Пристав с постели, он настороженно всмотрелся в молочные рассветные сумерки за кружевной занавесочкой, аккуратно приткнул край одеяла под оголенное плечо встрепенувшейся Людмилы, и, шепнув ей: “Спи!”, на цыпочках прошел в прихожую, механически прихватив стоящий возле отопительного котла топор.

— Витюха, подъем! Срочно! — услышался за входной дверью возбужденный голос соседа.

На сыром от утренней росы крыльце стоял, приплясывая от непонятного, однако явного нетерпения, раскрасневшийся селянин, одетый небрежно и наспех.

Дыша перегаром, сосед, с кем Витёк уже успел наладить дружеские отношения, сулящие столь необходимую в сельском проживании взаимовыручку, заговорщески поведал, что неподалеку на трассе потерпела аварию, слетев в кювет, автомобильная фура, груженная импортной электронникой.

— Шофера с пассажиром в больницу увезли, там Сашка-гаишник ошивается… — лихорадочно озираясь по сторонам, пояснял он. — Тот, что через два дома от тебя…

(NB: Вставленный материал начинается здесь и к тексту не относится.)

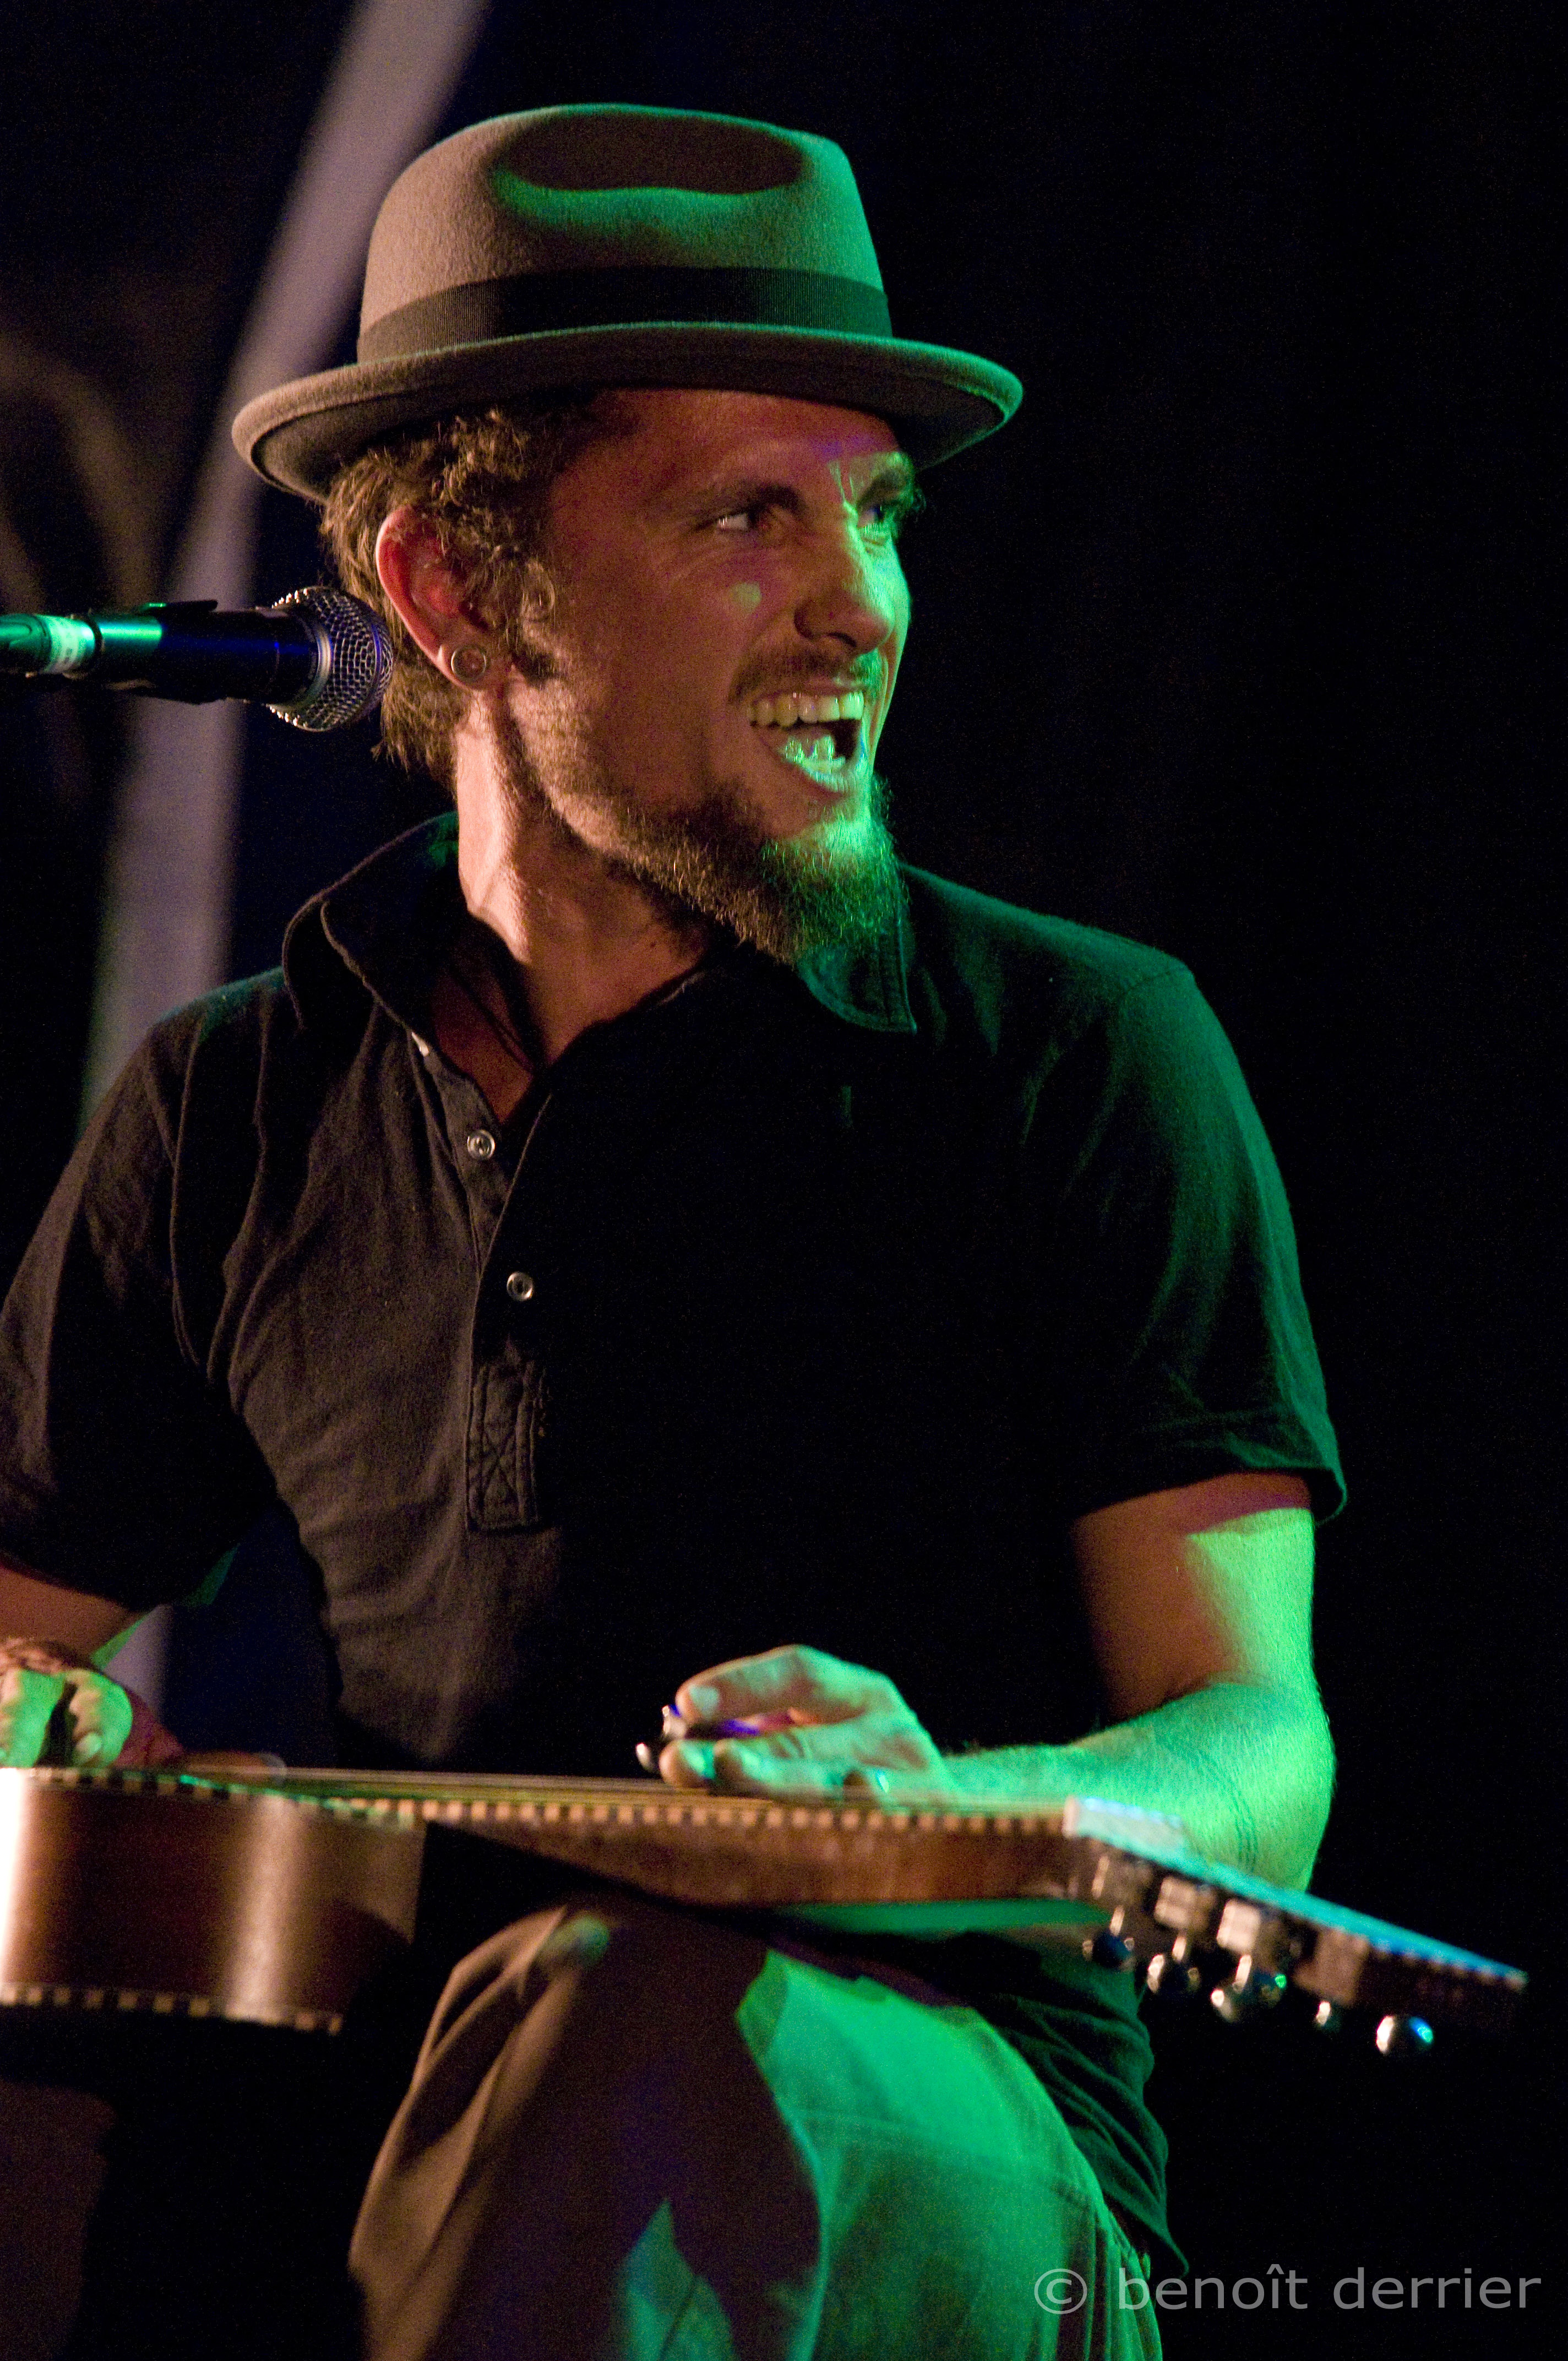 HQ The John Butler Trio Wallpapers | File 2598.18Kb

— Ну? — ошарашенно мотнул тяжелой со сна головой Витёк. — Я-то при чем?

— Да там добра — на цельный город! — запальчиво продолжил, увлеченный идеей мародерства, сосед. — Сашка говорит, скидывайтесь по двести баксов, и даю вам час… Понял? Одолжи деньжат, а? И сам собирайся… За час мы с тобой гору перетаскаем!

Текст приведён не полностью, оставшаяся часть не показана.